Lt. Gov. Candidates Trade Barbs on Taxes, Education & Immigration in Debate
The two candidates for the state's second highest statewide office met last night at KLRU studios in Austin in their first and only debate before Election Day in November.
State Sen. Dan Patrick, R-Houston, spent much of his time on stage trying to paint his opponent, as a tax-and-spend liberal who would wreck the Texas economy, while State Sen. Leticia Van de Putte, D-San Antonio, spent much of the night trying to paint Patrick as out of step with the mainstream.
Patrick set his sights on Van de Putte’s legislative support of a bill providing in-state tuition to undocumented immigrants, questioning whether the law gave deference to immigrants in admissions. Van de Putte singled out Patrick's support of $5.4 billion cuts in the state's education budget during the 2011 legislative session.
For Senator Patrick, much of his policy answers revolved around his call for tax cuts.
“When it comes to attracting businesses to Texas, the best thing we can do is eliminate the business tax. And the best thing we can do is lower property taxes, so employees of companies who move to Texas can live in their home with a low tax rate,” Patrick said. “And even with they retire and they pay it off, they don't have to rent it from the state.”
While Patrick's property tax proposal wouldn't exactly cut property taxes, it would lower the limit on how much property tax appraisals can increase each year. Sen. Van de Putte spent much of the night trying to paint Patrick as too extreme for Texas – focusing specifically on anti-immigrant rhetoric by Patrick during the GOP primary.
“[W]hat doesn't help is when harsh rhetoric and the politics of fear damage a region, that they disrespect the people that live there. The McAllen Chamber of Commerce and those business leaders have asked Senator Patrick and those that would use that vile rhetoric to tone it down,” Van de Putte said. “It hurts their economy and hurts their ability to attract jobs.”
Patrick's characterization of an immigrant invasion or that immigrants are bringing leprosy across the border drew criticism from some Hispanic Republicans. But much of his language Monday night was tempered with questions of fairness in immigration policy, and how the state allocates its resources. That included Patrick's calls to eliminate the Texas Dream Act, which allows some undocumented students to pay in-state tuition at Texas colleges and universities.

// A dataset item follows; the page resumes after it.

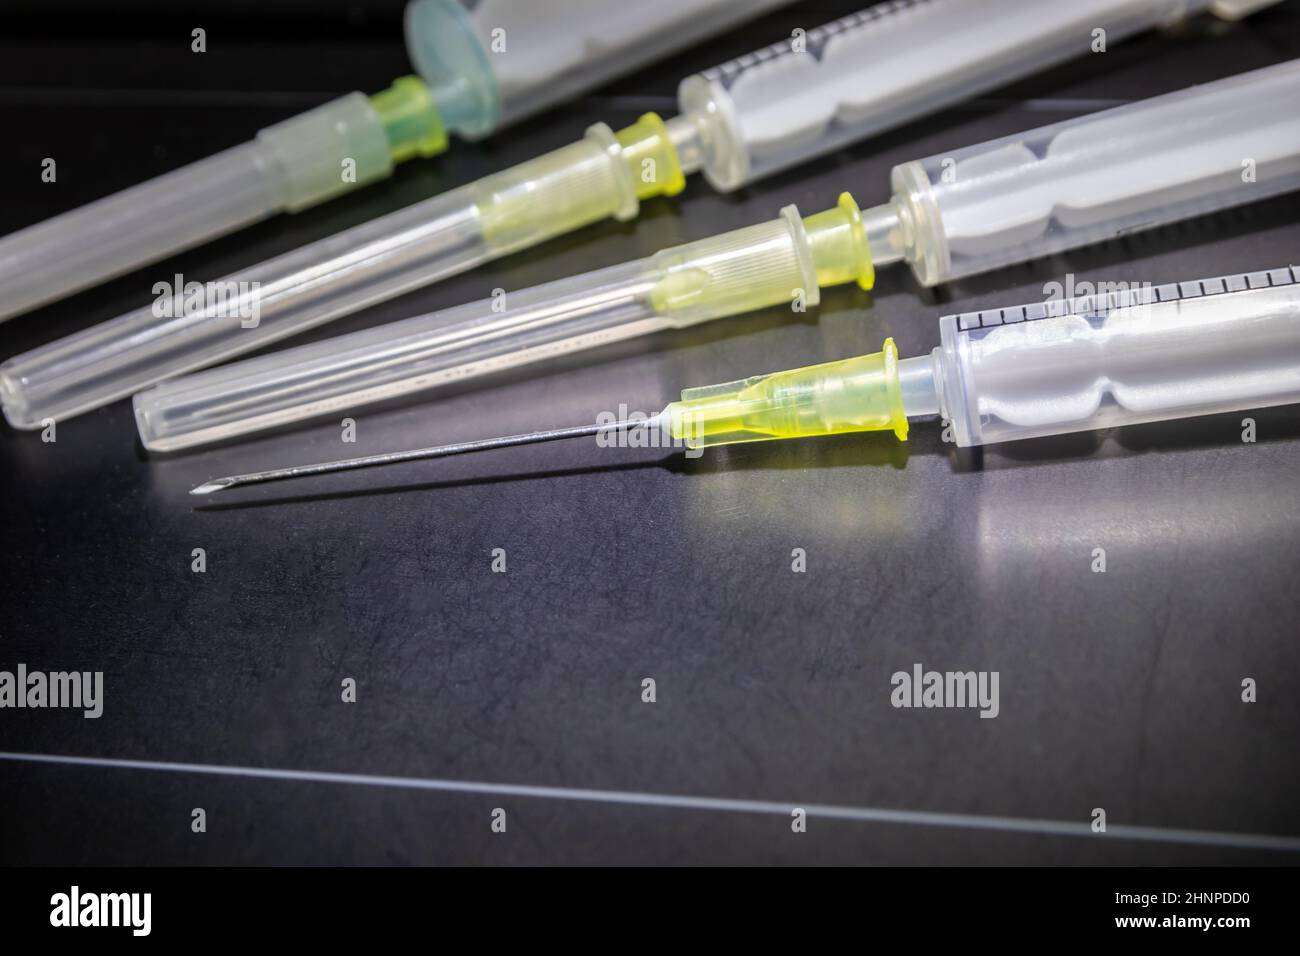 New medical vaccines ready for injection with syringe and vaccine to inject the cure for immunization into ill and weak patients to heal their suffers and illnesses supported corona health care system Stock Photo

“If there was only one seat left at a university – and two students had equal GPA, equal SAT, ACT scores, and the choice was between an American student, a Mexican-American student and African-American student. . .and someone who was not a legal citizen of our country, who would get the seat?” Patrick asked. “I don't know how my opponent would answer it, but it's just a question of fairness.”
Van de Putte quickly shot back that the law has support from even conservative business groups, and that Patrick was mischaracterizing what the bill does.
“Dan Patrick hasn't read the bill. This is not about admissions. This is about what you pay in tuition at the registrar's office. And this we know is important for the workforce,” she contested. “Other Republican candidates who are running state-wide don't agree with you Senator Patrick.”
Republicans have been able to successfully use disapproval of President Obama and his policies to their advantage on the campaign trail. Patrick made sure to tie Van de Putte to as many federal policies as he could, including the Affordable Care Act. But Van de Putte pushed back, saying the state's decision to not expand Medicaid has cost it billions in economic development.
“When Governor Perry said no to that expansion, he said no to over 200,000 jobs, to billions of dollars in healthcare services, and most hurtful for me, 68,000 veterans and their spouses,” she said.
Patrick said he knows healthcare is important for the state’s continued growth and laid out a plan that he says will increase the number of doctors in Texas.
“I will dramatically increase the number of residency slots to attract more doctors. And remember early in this debate, I said she was only one of four Democrats who voted against tort reform. That protected doctors, that's another reason the [Texas Medical Association] did not endorse her,” he said. “That's brought 30,000 new doctors here. I will bring more doctors to Texas with more residency spots, and more funding for our medical schools.”
Van de Putte, like all Democrats, is trailing in her race, and was hoping for additional debates to let her share her priorities with voters.
But the conventional wisdom goes that debates can only hurt a front-runner, and Patrick appears to be taking that wisdom to heart.
Naturally, both candidates ended the night by declaring victory. The two will criss-cross the state over the next month before Election Day on Nov. 4.